Декабрь безвинно холоден, как никогда! 1943 год. Я нахожусь в одной из самых ужасных тюрем Третьего рейха - Плетцезее. И сегодня, пополудни- в час, меня больше не будет. Приговор каждый час, каждую минуту, мучительно быстро отнимает последнюю надежду жить. Но все же судьба благословит мученикам и оставляет свое бесценное время для прощальных дум, коротких записок- писем, усталых взглядов, для искренних молитв.
«Народный трибунал» достопочтимого Берлина должен быть доволен лишая жизни безвинные души, чтобы освободить место для оных - гнилых, бессердечных, жестоких, все более расплодившихся в особых условиях войны. Палачи войны переполнили свои вены невинной кровью, ведь если война оправдывает свои жертвы, то здесь, в мирном Берлине, происходит самое, что ни есть, откровенное идейное убийство. Третий рейх перемалывает в кровавую муку все - жизни, судьбы, терпение, превращая слезы в пыль, которая тяжелым густым туманом осядет на страницах истории. А истории все равно, сколько будет убитых, отрубят тебе голову или отрежут, ей все равно…

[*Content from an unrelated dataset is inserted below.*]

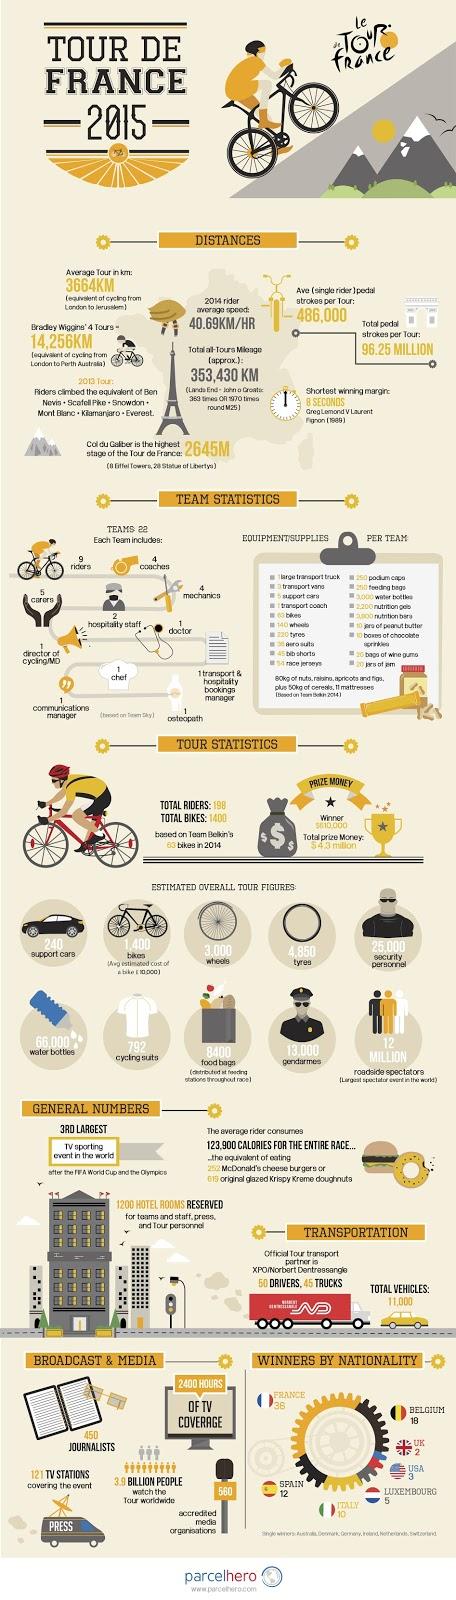 Infographic Tour de France

Несмотря на то, что я сегодня умру, я все еще хочу есть. Инстинкты не слушают доводы рассудка и диктуют свои правила, только… вот, кажется, у нацистов их нет. Об этом говорят их пустые и жесткие глаза. Кажется, что это вовсе не люди, а винтики хорошо слаженной машины убийства и им не ведомо чувство голода и человеческое сострадание. Позорный столб, достигший своего апогея. Я все еще надеюсь, что идеальная машина уничтожения даст сбой и для меня смертный приговор будет обжалован. Наверное, так смертельно больной умирает с надеждой на божию милость в виде скорого выздоровления.
Верю ли я в Бога? Еще вчерашняя атеистка, сейчас в 9:15, за четыре часа до собственной казни, я могу твердо сказать, что да- я верю в Бога! Он представляется мне, то надсмехающимся над людьми злобным старцем, то невинно обиженным ребенком, который теперь мстит людям за их жестокосердечие. Нет…конечно нет…Бог не виноват в преступлениях людей, виноваты только мы...как те, кто учиняет зло на планете, так и те, кто позволяет этому и покорно сносит все на своих плечах…конечно…плечи, - и Эльфрида потрогала свои опущенные плечи и почувствовала всю безнадежность, которая рухнула на них в этот миг.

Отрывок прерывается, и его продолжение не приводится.